Jesus take the wheel

I’ve been blessed today to be able to accompany my son to his Jr. Beta convention.

Watching the talent segment a young lady began to sing “Jesus Take The Wheel” by Carrie Underwood.

My son knows me well. He knew I would be in tears. He was sitting with his friends and looked up at me with deep concern in his gray eyes. I nodded and took a deep breath. Praying to hold it together in the gym full of BETA members and chaperones.

The lyrics touched me……
Jesus take the wheel
Take it from my hands
Cause I can’t do this on my own
I’m letting go
So give me one more chance
Save me from this road I’m on
Jesus take the wheel

The song was over. I took a deep breathe. I smelled thieves and Joy essential oils from my diffuser necklace.

Next, 2 young ladies walked up. The music started and within 2 notes my son looked up at me once again. This time he said, “Mom, don’t do it.” He KNEW I was about to lose it. One of the girls began “I heard there was a secret chord- that David played and it pleased the Lord…”

Oh no….hold it together, take a deep breathe., get out of here, don’t listen, look at facebook. Do SOMETHING! Anything to keep from losing it.- went through my head all at once.

On a good day I can’t listen to “Hallelujah” without crying. I can’t listen to kids sing without crying and I certainly cannot when I’m on the brink of tears every second of every day since my dads diagnosis.

I picked up my diffuser necklace and inhaled deeply and tears ran down my face. No one paid attention.

Next up, group talent. A group of three walked up and the young MC announced they were dancing to “Bulletproof” in honor of those effected by cancer.

What the —–? What is this? Why?!!!!!

I wanted a day with my son, to forget about life’s troubles. I wanted to enjoy him and his innocence and sweetness.

“Jesus take the wheel”, I said inside my head.

We got through the day. We had a blast. Pushing through the emotions to make it about what it was supposed to be. A mom and son day. That is exactly what it was and I will never forget it. I even embarrassed him by dancing to the “Cupid Shuffle” with his friends.

When you are dealing with a loved one diagnosed with stage 4 cancer it/ they NEVER leave your mind. (Atleast that is the case for me.) It’s almost like when you have kids and they never leave your mind. Everything reminds you of them.

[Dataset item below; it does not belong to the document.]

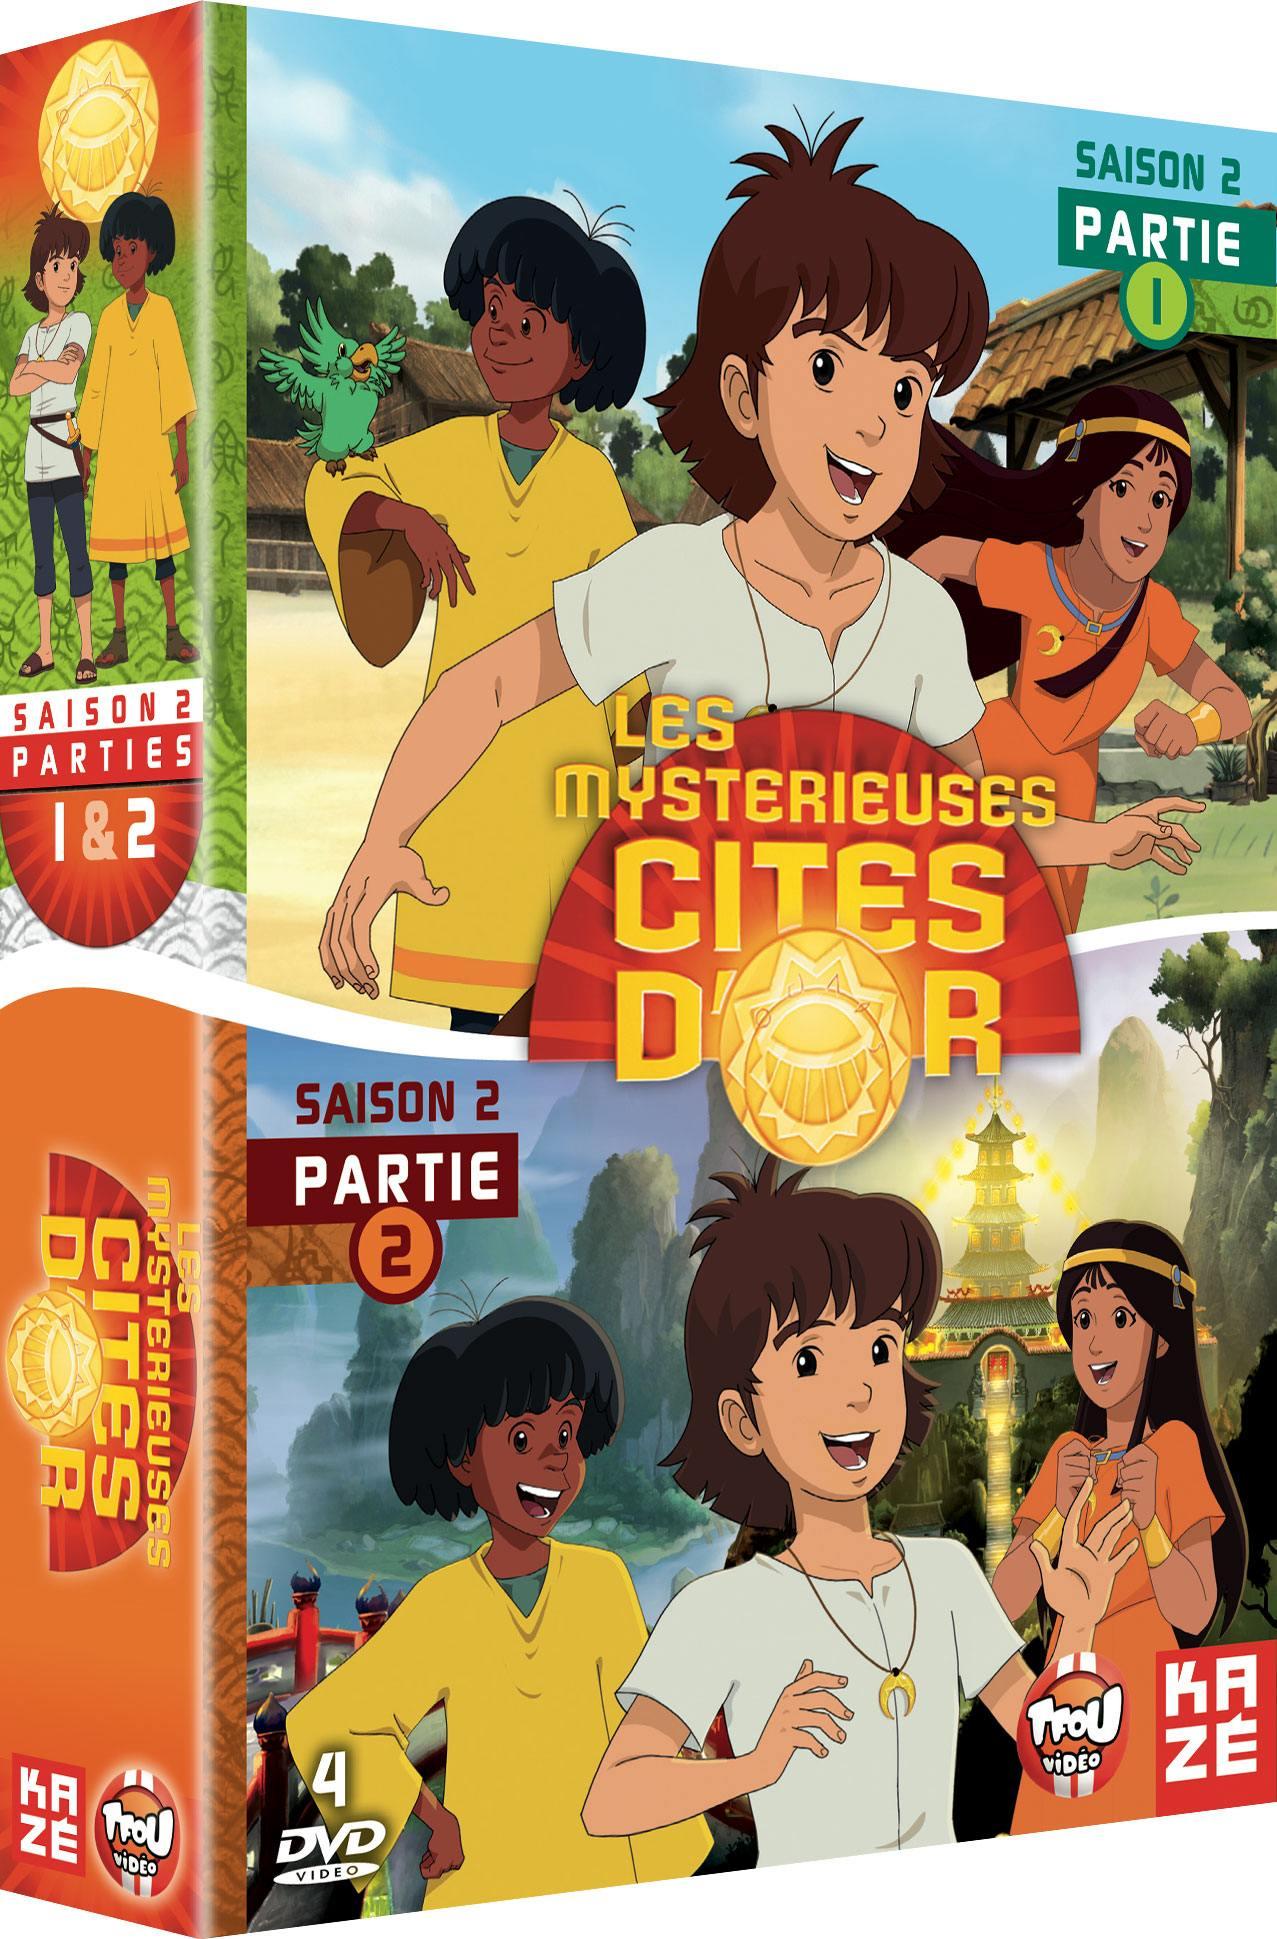 Mysterieuses cites d or (les) - saison 2 - partie 1 et 2 - 4 dvd - exclu sites m

I see gray- brain cancer comes to mind. I see a man with white hair- I think of my dad. A motorcycle drives by- my dad. My youngest wants to play with his tool set- my dad. Bud light- my dad. My house- my dad. One of the kids needs something and it’s not the best time for me- I think – if I could only have a few minutes with my dad. I give them a few more hugs and a few more kisses, always remembering what is most important. Our connection. Our love.

Today my phone rang. The name on the screen read “DAD”! I was so excited to answer the phone. My dad was calling me. Sitting in his hospital room and he thought to call me! I used to talk to him every day. I shared everything with him. We talked about everything. He would give me his opinion. He would show support. We shared so much of our lives. If something happened good or bad he was the person I talked to after my husband. That came to a screeching halt and I miss it more than imaginable.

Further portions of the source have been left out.